● What to work on
Return the listing exactly as it appears, but strip out the images.

● Dataset excerpt
------------

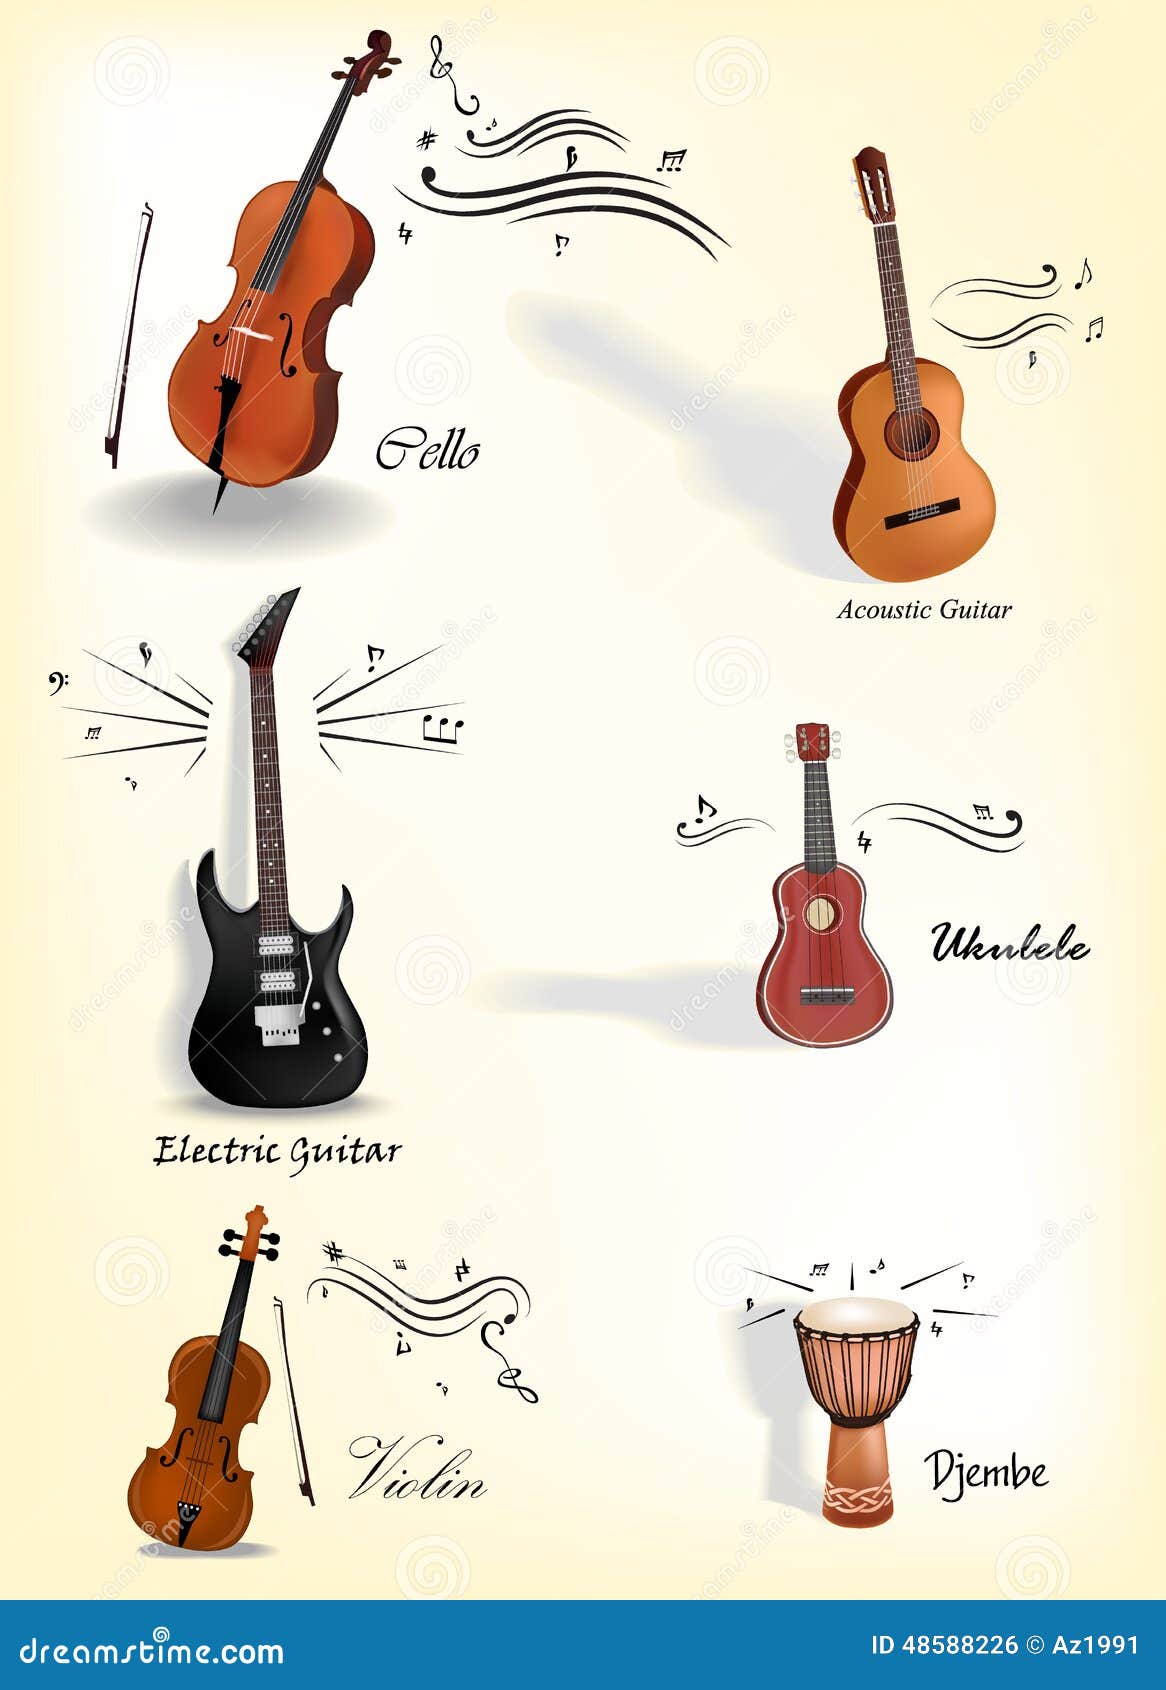 Klassieke Muziekinstrumenten Vector Illustratie Illustration baarzen, band: 48588226
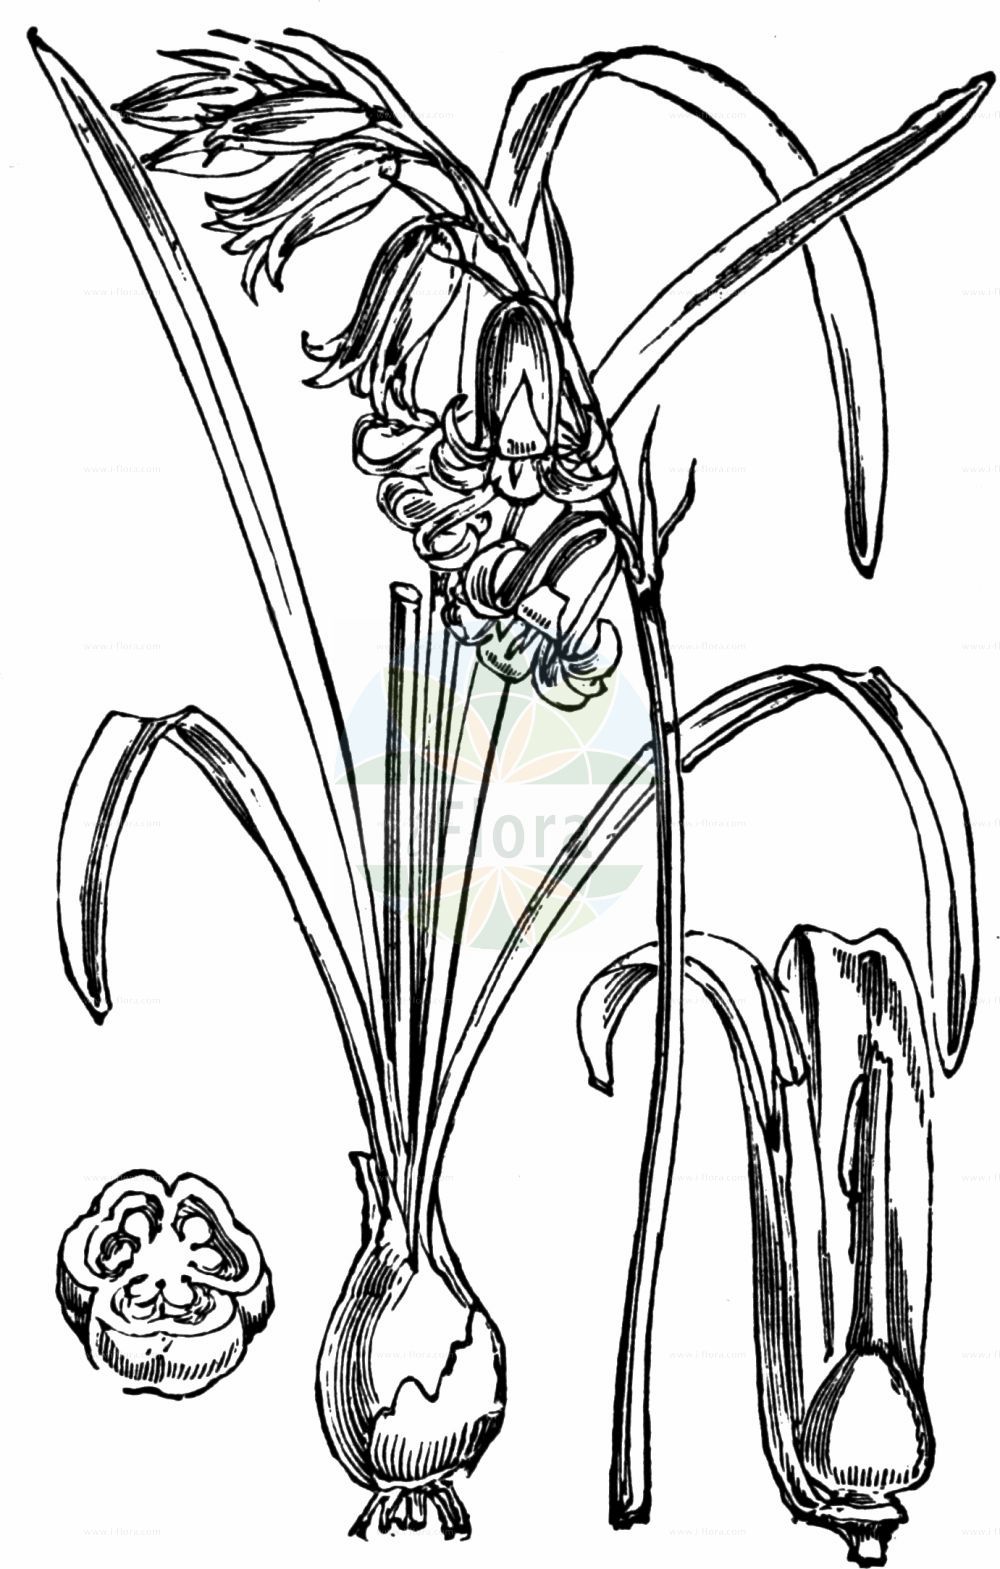 Historische Abbildung von Hyacinthoides non-scripta agg. (Atlantisches Hasenglöckchen - Bluebell). Das Bild zeigt Blatt, Bluete, Frucht und Same. ---- Historical Drawing of Hyacinthoides non-scripta agg. (Atlantisches Hasenglöckchen - Bluebell). The image is showing leaf, flower, fruit and seed.(Hyacinthoides non-scripta agg.,Atlantisches Hasenglöckchen,Bluebell,Atlantisches Hasengloeckchen,Englisches Hasengloeckchen,Bluebell,Wild Hyacinth,Hyacinthoides,Hasenglöckchen,Bluebells,Asparagaceae,Spargelgewächse,Asparagus family,Blatt,Bluete,Frucht,Same,leaf,flower,fruit,seed,Fitch et al. (1880))
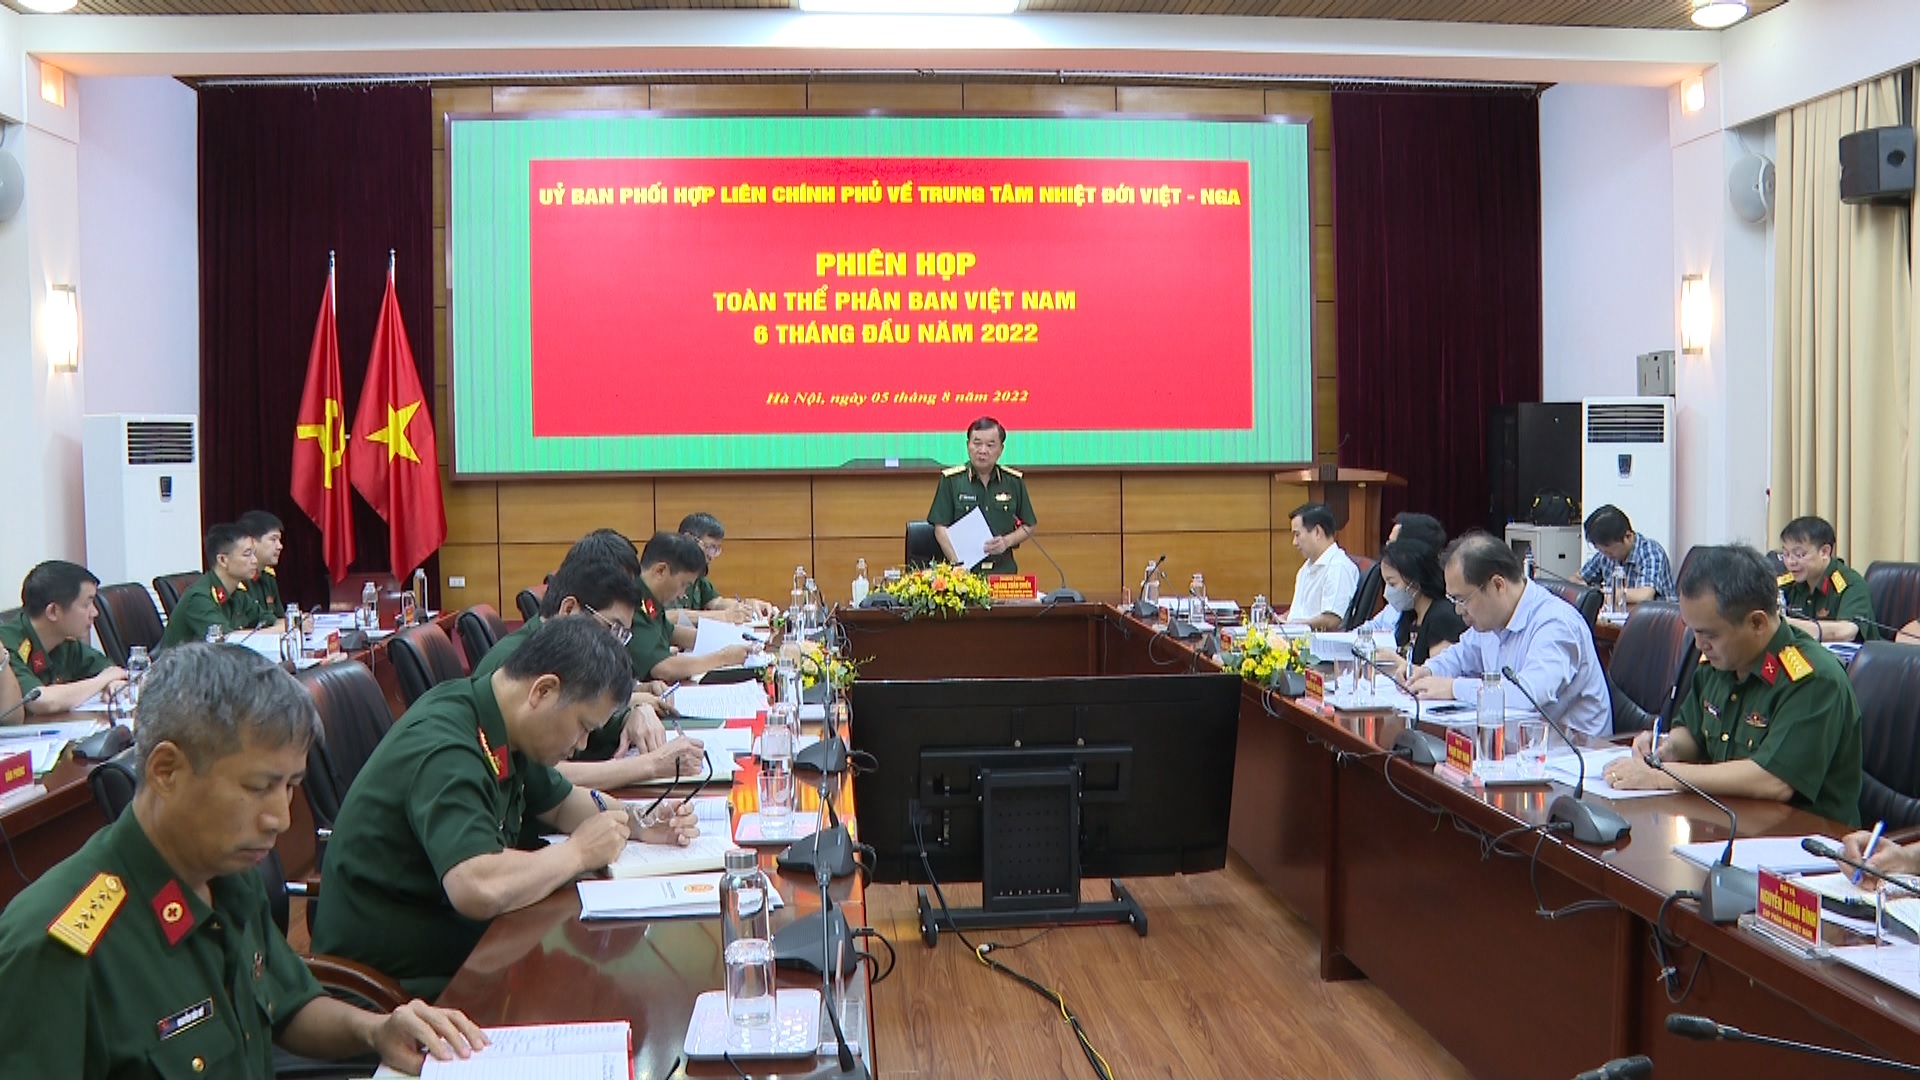 Phiên họp Phân ban Việt Nam trong Uỷ ban phối họp liên Chính phủ về Trung tâm Nhiệt đới Việt - Nga 6 tháng đầu năm 2022

------------

● Task result
 Klassieke Muziekinstrumenten Vector Illustratie Illustration baarzen, band: 48588226
 Historische Abbildung von Hyacinthoides non-scripta agg. (Atlantisches Hasenglöckchen - Bluebell). Das Bild zeigt Blatt, Bluete, Frucht und Same. ---- Historical Drawing of Hyacinthoides non-scripta agg. (Atlantisches Hasenglöckchen - Bluebell). The image is showing leaf, flower, fruit and seed.(Hyacinthoides non-scripta agg.,Atlantisches Hasenglöckchen,Bluebell,Atlantisches Hasengloeckchen,Englisches Hasengloeckchen,Bluebell,Wild Hyacinth,Hyacinthoides,Hasenglöckchen,Bluebells,Asparagaceae,Spargelgewächse,Asparagus family,Blatt,Bluete,Frucht,Same,leaf,flower,fruit,seed,Fitch et al. (1880))
 Phiên họp Phân ban Việt Nam trong Uỷ ban phối họp liên Chính phủ về Trung tâm Nhiệt đới Việt - Nga 6 tháng đầu năm 2022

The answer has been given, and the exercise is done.